Of the entries below, return only those lines from the line with "#HanumanJayanthi #HanumanChalisa #LordHanuman" to the line with "Der Pritzker-Preisträger Diébédo", exactly, both included.

▶ Source information:
+++
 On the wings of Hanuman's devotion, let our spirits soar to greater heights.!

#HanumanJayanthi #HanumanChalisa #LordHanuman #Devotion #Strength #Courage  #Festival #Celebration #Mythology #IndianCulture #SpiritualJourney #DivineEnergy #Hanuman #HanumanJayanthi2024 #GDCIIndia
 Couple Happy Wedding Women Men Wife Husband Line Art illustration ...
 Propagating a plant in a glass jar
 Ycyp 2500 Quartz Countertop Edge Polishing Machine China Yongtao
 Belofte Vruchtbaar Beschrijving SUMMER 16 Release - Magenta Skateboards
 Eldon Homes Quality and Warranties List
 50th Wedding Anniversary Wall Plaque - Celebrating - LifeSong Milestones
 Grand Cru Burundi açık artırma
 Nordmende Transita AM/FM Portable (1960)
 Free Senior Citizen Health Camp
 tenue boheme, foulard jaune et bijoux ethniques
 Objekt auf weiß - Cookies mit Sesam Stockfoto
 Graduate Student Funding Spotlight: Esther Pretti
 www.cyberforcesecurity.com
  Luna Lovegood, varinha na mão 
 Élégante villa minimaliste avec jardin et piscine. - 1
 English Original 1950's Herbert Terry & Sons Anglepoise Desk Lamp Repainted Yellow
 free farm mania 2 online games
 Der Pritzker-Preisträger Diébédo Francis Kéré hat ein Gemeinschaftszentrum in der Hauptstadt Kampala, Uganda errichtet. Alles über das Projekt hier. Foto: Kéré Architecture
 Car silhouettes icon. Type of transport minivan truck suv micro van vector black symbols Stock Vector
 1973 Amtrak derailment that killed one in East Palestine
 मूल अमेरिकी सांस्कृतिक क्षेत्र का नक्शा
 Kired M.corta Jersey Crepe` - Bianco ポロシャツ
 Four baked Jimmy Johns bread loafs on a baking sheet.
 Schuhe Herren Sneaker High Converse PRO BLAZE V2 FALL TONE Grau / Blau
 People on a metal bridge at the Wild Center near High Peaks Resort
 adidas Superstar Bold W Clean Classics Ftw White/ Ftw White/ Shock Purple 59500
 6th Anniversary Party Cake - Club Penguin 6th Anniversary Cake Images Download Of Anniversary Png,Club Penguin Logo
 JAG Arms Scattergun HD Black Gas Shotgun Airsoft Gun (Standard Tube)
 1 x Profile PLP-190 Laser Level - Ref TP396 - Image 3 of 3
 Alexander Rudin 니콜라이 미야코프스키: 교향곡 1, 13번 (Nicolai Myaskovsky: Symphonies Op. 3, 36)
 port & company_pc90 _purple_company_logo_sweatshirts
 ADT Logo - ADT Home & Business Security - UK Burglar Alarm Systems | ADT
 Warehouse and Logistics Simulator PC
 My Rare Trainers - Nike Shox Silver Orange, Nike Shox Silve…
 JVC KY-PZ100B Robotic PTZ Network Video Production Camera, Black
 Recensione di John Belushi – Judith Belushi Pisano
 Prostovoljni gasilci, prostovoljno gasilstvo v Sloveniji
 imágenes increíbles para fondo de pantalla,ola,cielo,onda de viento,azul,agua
+++
▶ Answer to the exercise:
#HanumanJayanthi #HanumanChalisa #LordHanuman #Devotion #Strength #Courage  #Festival #Celebration #Mythology #IndianCulture #SpiritualJourney #DivineEnergy #Hanuman #HanumanJayanthi2024 #GDCIIndia
 Couple Happy Wedding Women Men Wife Husband Line Art illustration ...
 Propagating a plant in a glass jar
 Ycyp 2500 Quartz Countertop Edge Polishing Machine China Yongtao
 Belofte Vruchtbaar Beschrijving SUMMER 16 Release - Magenta Skateboards
 Eldon Homes Quality and Warranties List
 50th Wedding Anniversary Wall Plaque - Celebrating - LifeSong Milestones
 Grand Cru Burundi açık artırma
 Nordmende Transita AM/FM Portable (1960)
 Free Senior Citizen Health Camp
 tenue boheme, foulard jaune et bijoux ethniques
 Objekt auf weiß - Cookies mit Sesam Stockfoto
 Graduate Student Funding Spotlight: Esther Pretti
 www.cyberforcesecurity.com
  Luna Lovegood, varinha na mão 
 Élégante villa minimaliste avec jardin et piscine. - 1
 English Original 1950's Herbert Terry & Sons Anglepoise Desk Lamp Repainted Yellow
 free farm mania 2 online games
 Der Pritzker-Preisträger Diébédo Francis Kéré hat ein Gemeinschaftszentrum in der Hauptstadt Kampala, Uganda errichtet. Alles über das Projekt hier. Foto: Kéré Architecture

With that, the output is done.